I'm going to say this only once: social media stars are not experts in fitness and nutrition. They're experts in angles, hues and inspirational captions about accepting yourself (in the meantime, you're curling into a ball of insecurity while scrolling through candid holiday snaps of their perfectly-toned-everything on a yoga trip to Bali). Unless they have a degree in nutrition and a certification in personal training and they're consulting you in person, their programs have the potential to be harmful; they don't take into account your past injuries, your nutritional deficiencies, your lifestyle. Like every bit of health advice you glean from the media, sure, take it all as a guideline. But don't follow it as the golden rule that you need to stick to day in, day out, until you've developed orthorexia, anorexia, poor self-esteem, body dysmorphia, shin splints or a horrendous nutritional deficiency. The wellness veneer doesn't make social media harmless, it simply disguises itself for what it really is — an idea of health, vitality, beauty and success that isn't attainable for the average person, promoted by 'the average person'. And Instagram's latest tailoring algorithm that decides what posts are prioritised on your news feed based on their assumptions about your preferences means that we have even less control over what we view and what messages we're subliminally ingesting.

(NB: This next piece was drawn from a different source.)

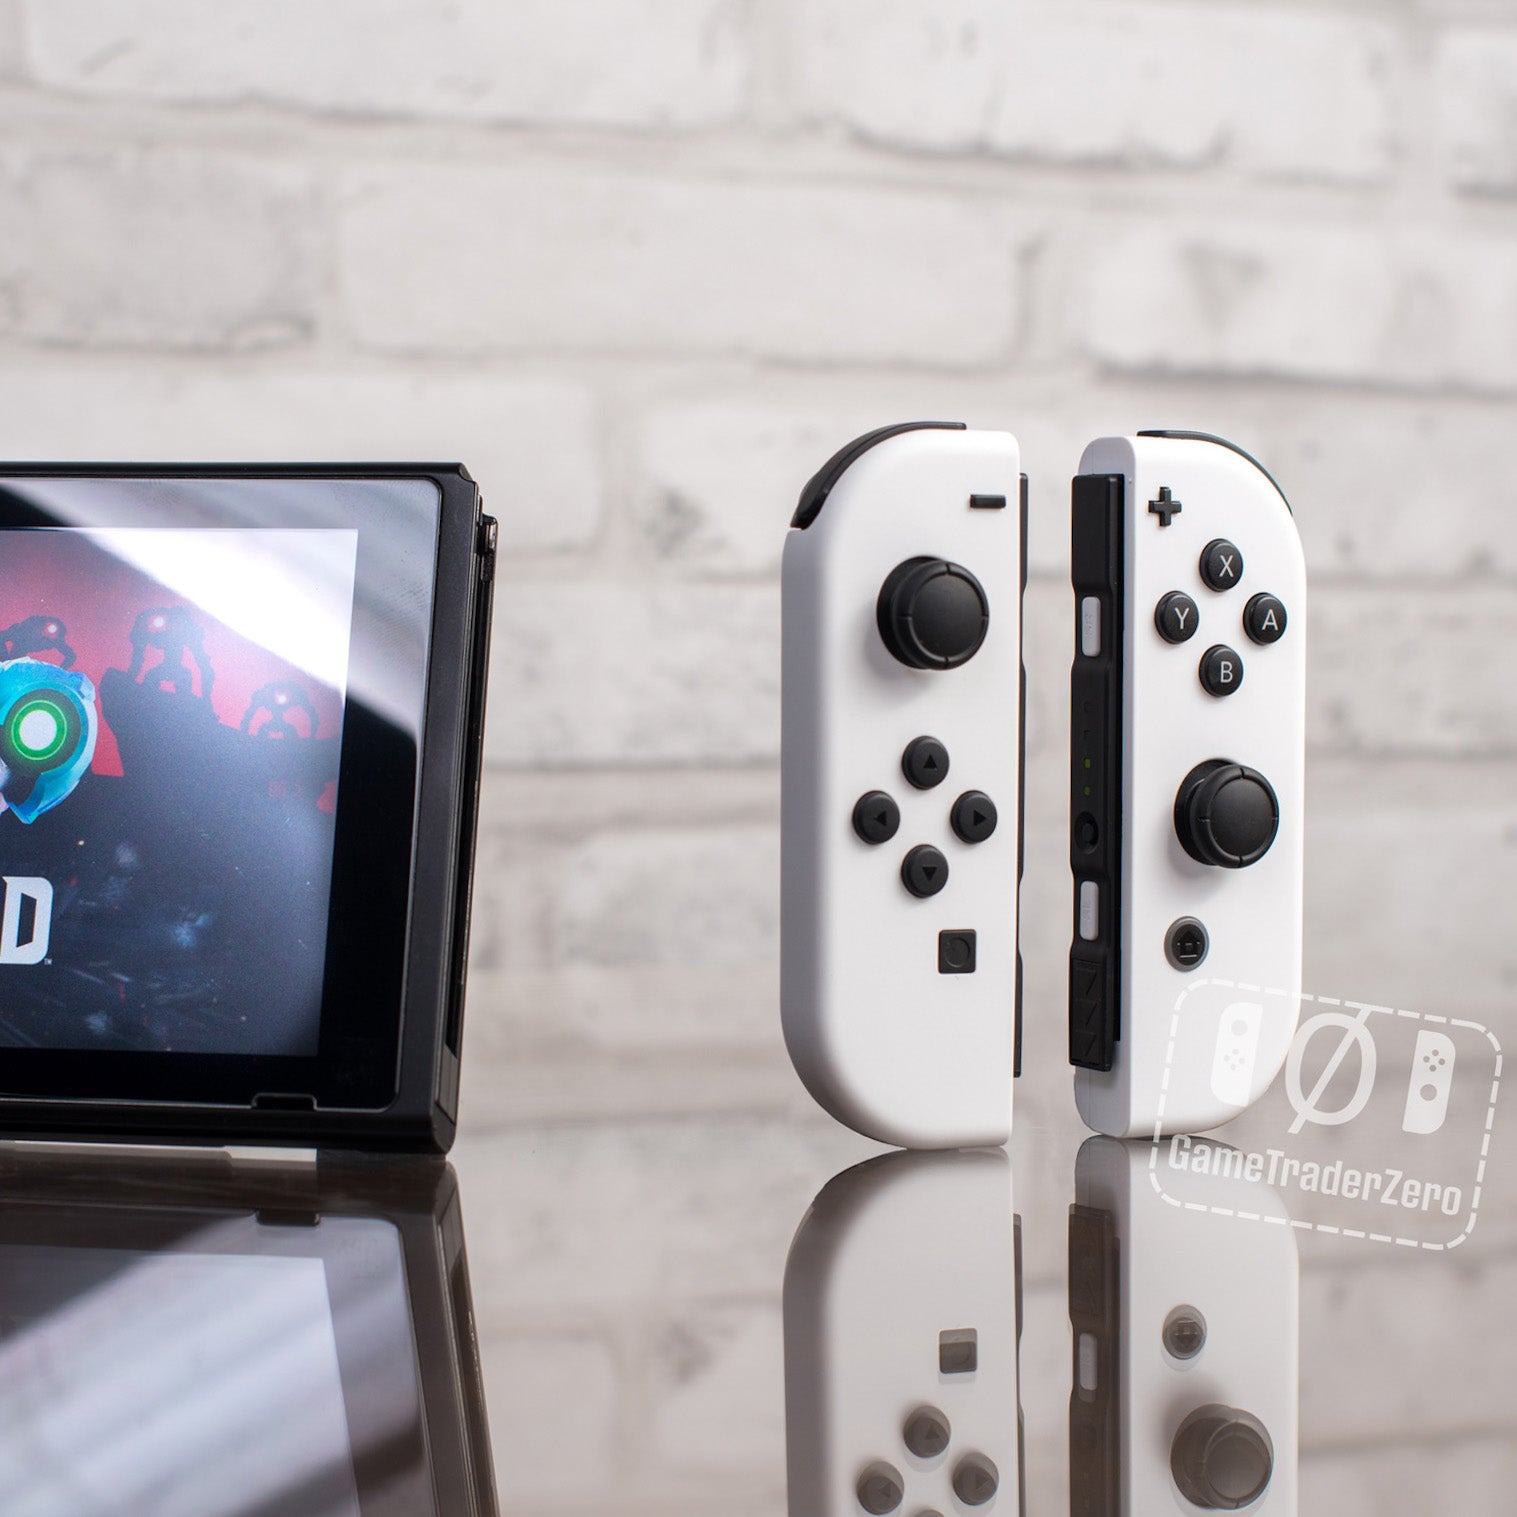 Nintendo Switch (OLED) with White Joy-Con

If I spent my time doing sit-ups, HITT work outs, meditating, eating lovely vegan food with friends, doing more sit ups and getting away on surf trips as a job that earned me thousands a week, then yeah, I'd probably look like that too. Heck, I've found myself wondering if I could pump up my narcissism enough to do it! But then I realised something; I don't want to be the reason a 17-year-old is failing her HSC because she's up at 5am every day sprinting and reducing her calories so she can have legs like mine. I don't want to get paid lots of money to sell tiny bikinis to women who later beat themselves up because their arse didn't look the way mine did in the photo. I don't want to ruin my friendships by making them take hundreds of photos of me on our headland walk, or make my hot boyfriend pose for topless photos to increase my followers. I want to, you know, have a life. A real one.